Combining Magnetic Resonance Imaging (MRI) with conventional screening may greatly improve prostate cancer detection and help avoid unnecessary biopsies, show initial results from the Goteborg randomised screening trial. The trial is a Swedish version of the European Randomized Study of Screening for Prostate Cancer, which is considered to be the largest randomized prostate cancer screening trial.
In 2014, results from this trial found a significant mortality reduction with prostate-specific antigen (PSA) screening for men aged 55-69 years of age. Now, a new study presented at the European Association of Urology (EAU) Conference in Madrid (going on till 24 March 2015) shows that using MRI may further improve the accuracy of prostate cancer screening.
AdvertisementThe experiment has been awarded the EAU's First Prize for the Best Abstract by a Resident.
Prostate cancer is the second most common cancer in men after lung cancer and second leading cause of cancer death in men in Western Europe. More than 670,000 men are diagnosed with prostate cancer every year worldwide.
In many cases, screening for prostate cancer using Prostate-specific antigen (PSA) tends to give false negatives and false positives. Hence, many men are subject to invasive testing and perhaps treatment, which was just not necessary.

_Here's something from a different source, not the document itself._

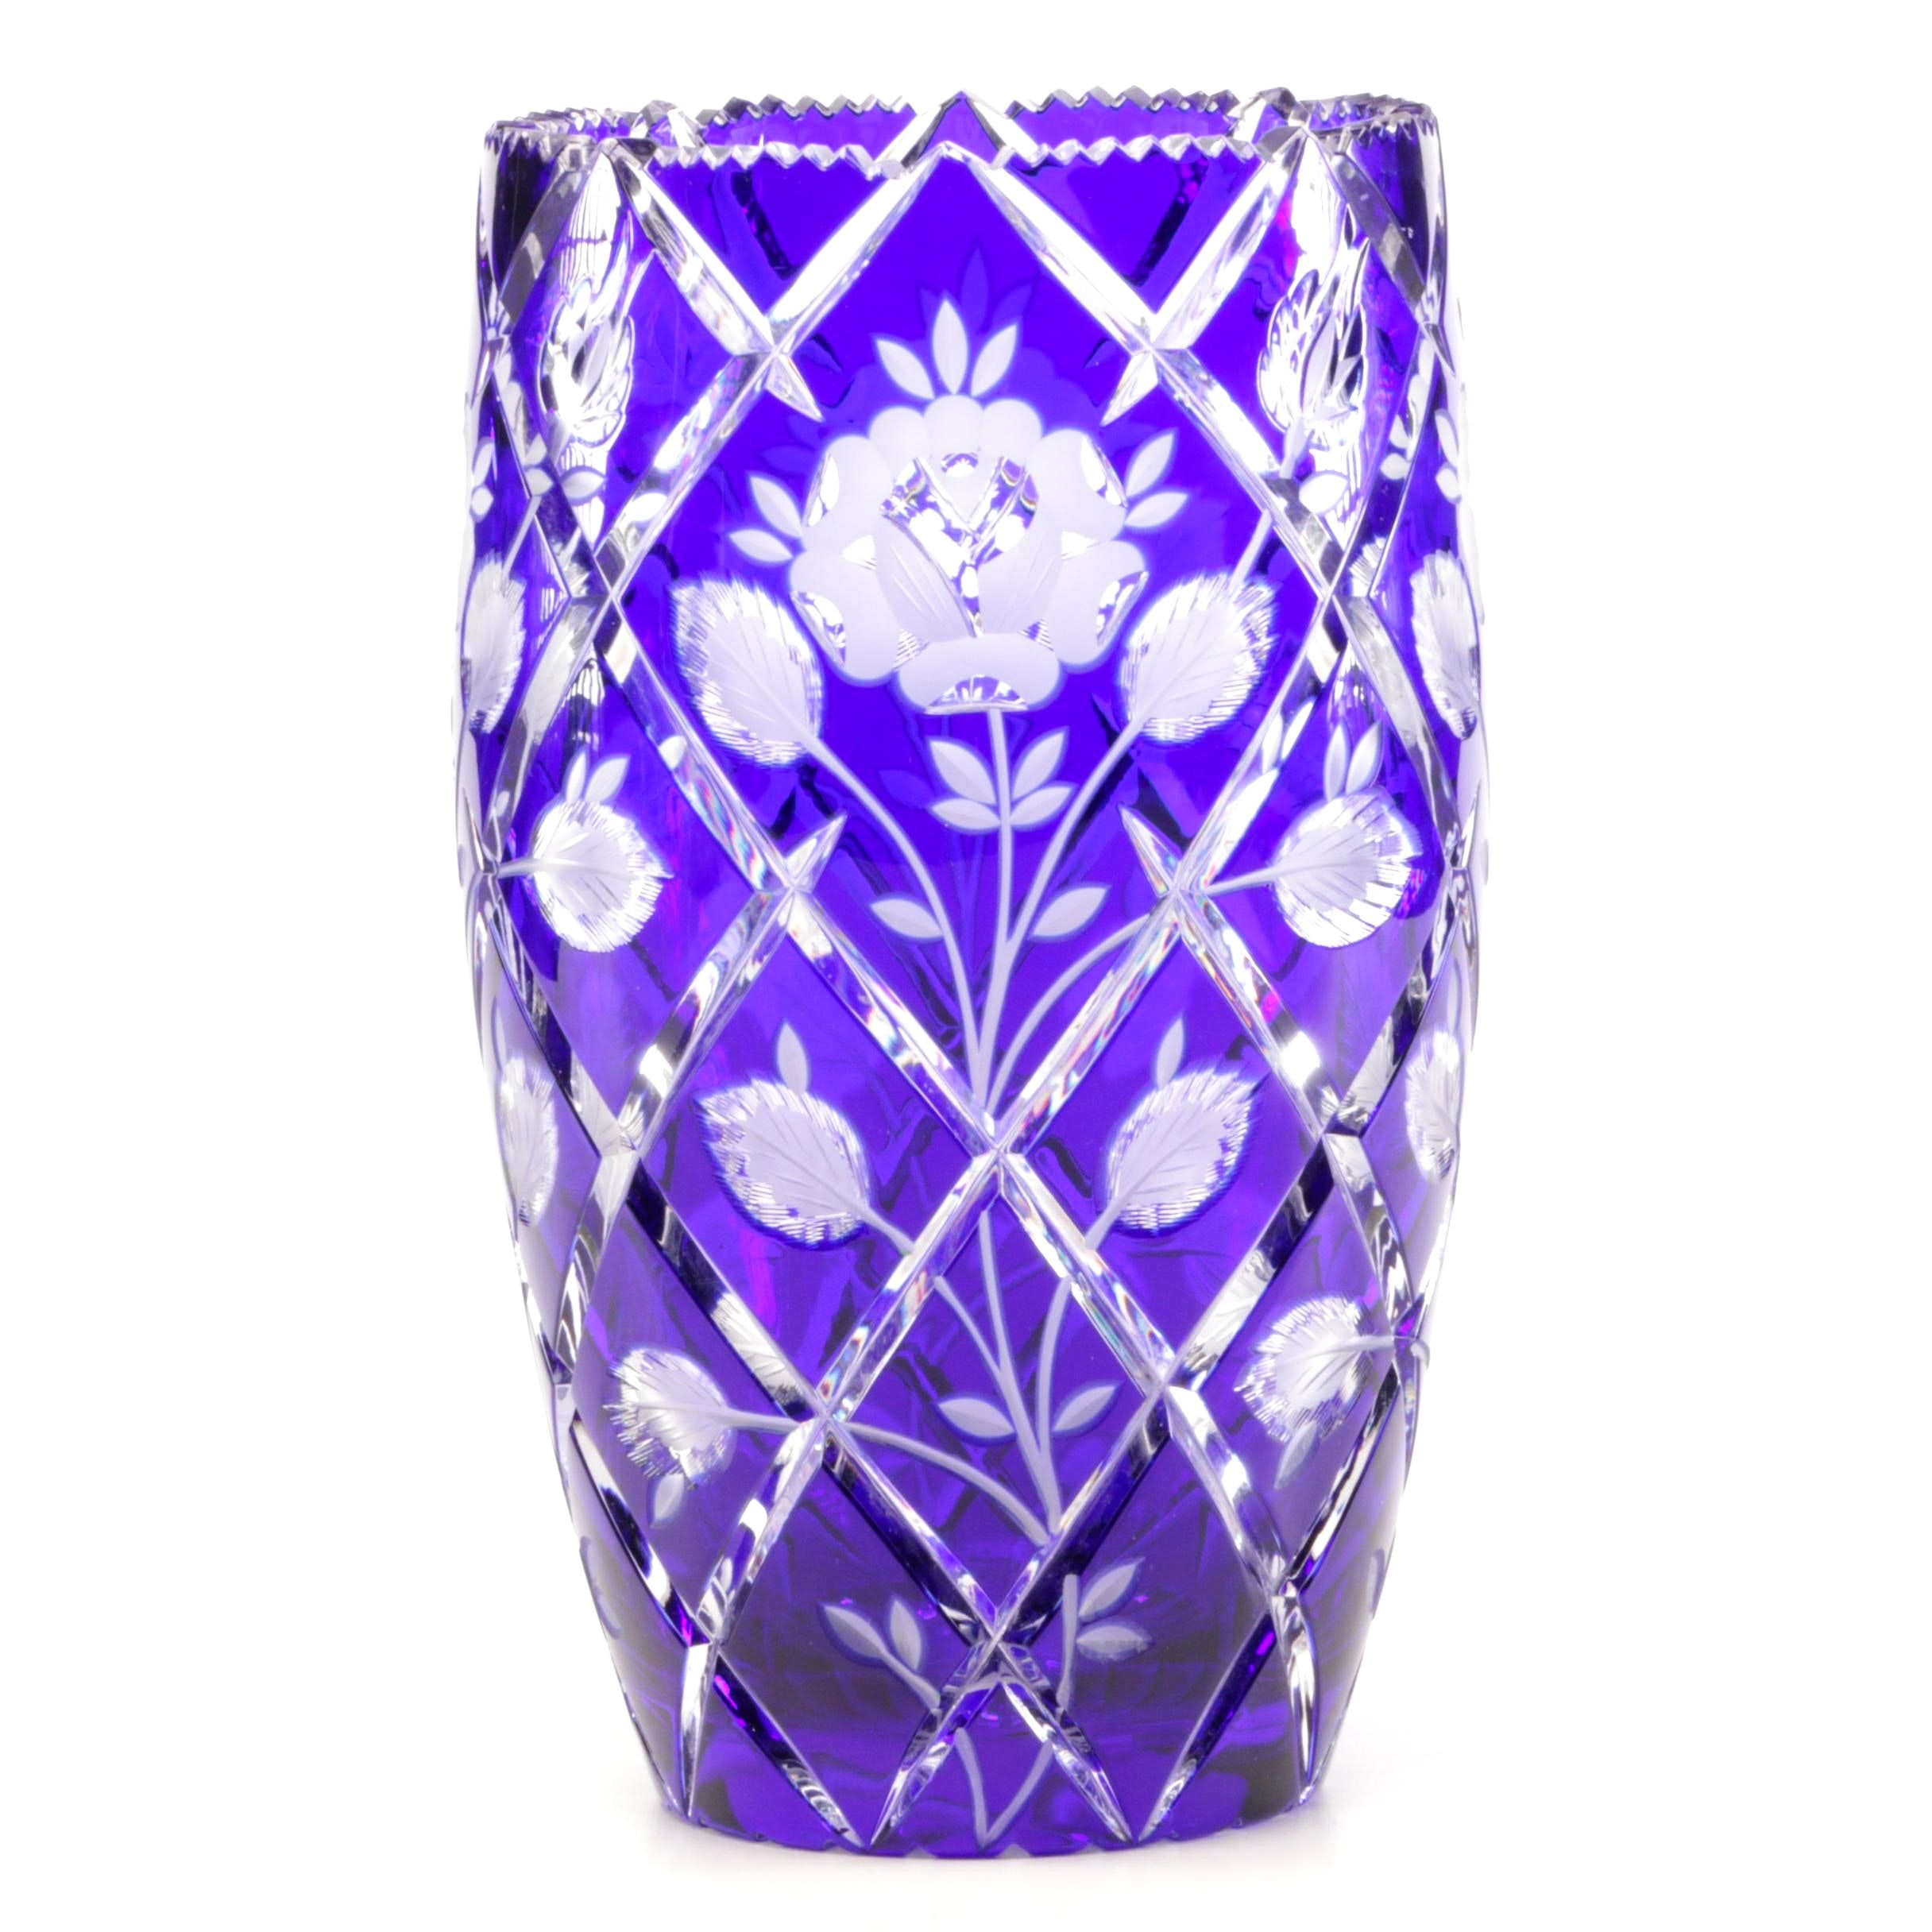 Cobalt Blue Cut to Clear Crystal Vase

Prof.Jonas Hugosson and his Swedish research team chose 384 patients attending the Goteborg trial, and asked 124 of them to go for an MRI prior to having a biopsy. Those with a suspicious MRI, or with a PSA > 3 ng/ml, were recommended for biopsy. Tissue samples taken at random from the prostate are called standard samples and samples from the suspicious areas seen on the MRI are targeted samples. Scientists took standard and targeted samples.
The experiment found that the combining PSA and MRI gave better prostate cancer. The results also showed that even potentially aggressive cancers were detected with PSA, MRI combination screening compared with using PSA stand-alone test in screening.

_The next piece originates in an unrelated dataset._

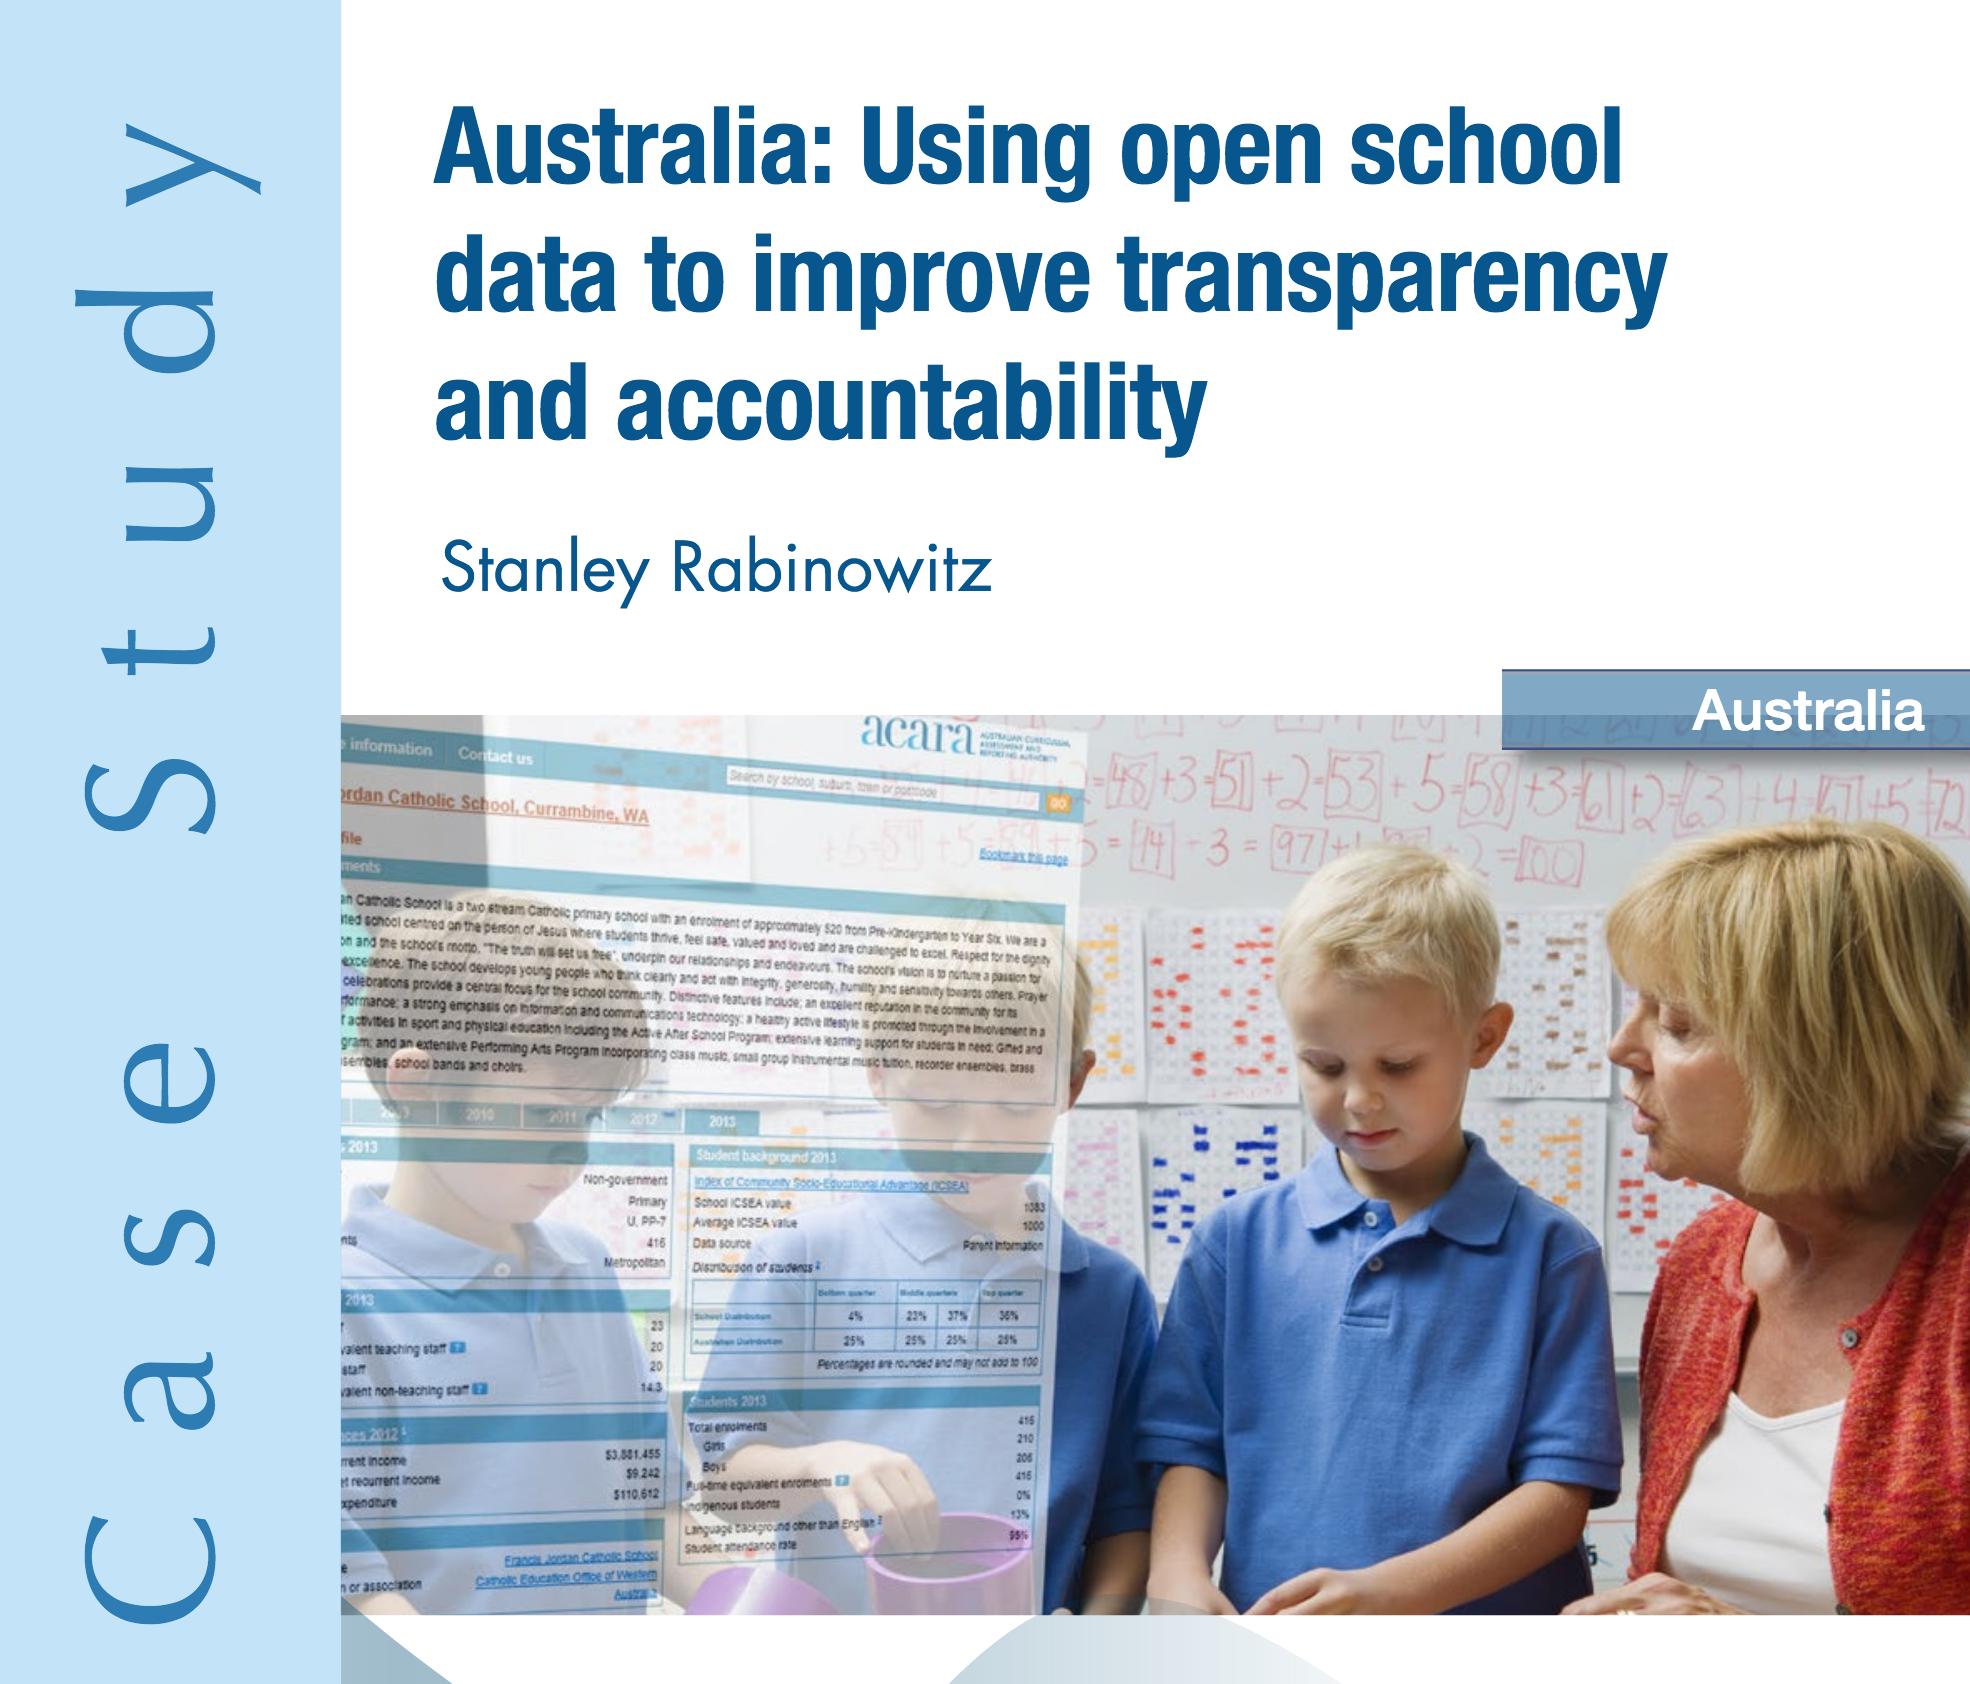 Case Study Snackbrands Australia: Promoting Accountability Through Open School Data

The research team said that the combination might point to a strategy to maximize success in prostate cancer screening.
"From these initial results, it looks like we can combine PSA levels with MRI scans to give more accurate screening results. This strategy would allow us to take men with lower PSA scores, and give them MRI scans, to confirm whether or not a biopsy is absolutely necessary," said Dr.Anna Grenabo-Bergdahl, Sahlgrenska University Hospital, Goteborg, Sweden. "Another benefit is that the MRI helps us locate the suspect area, meaning that if we have to do a confirmatory biopsy, we have a much better idea of where the problem might be. This avoids patient stress, and means we are less likely to miss cancers."
The Swedish researcher was visibly upbeat about the results from the pilot study but she said she need confirmation. "We are starting a trial of 40,000 patients in the Goteborg area. If we can replicate the results from our pilot study this may lead to a paradigm shift in future screening and fundamentally change the way we handle early detection of prostate cancer," she added.
Prof.Manfred Wirth, EAU Treasurer, concurred, and said, "We definitely need a bigger research to validate these results. There are some real issues to address. For example, MRI is currently not cost-effective to use in routine screening and we cannot consider it for routine screening as well."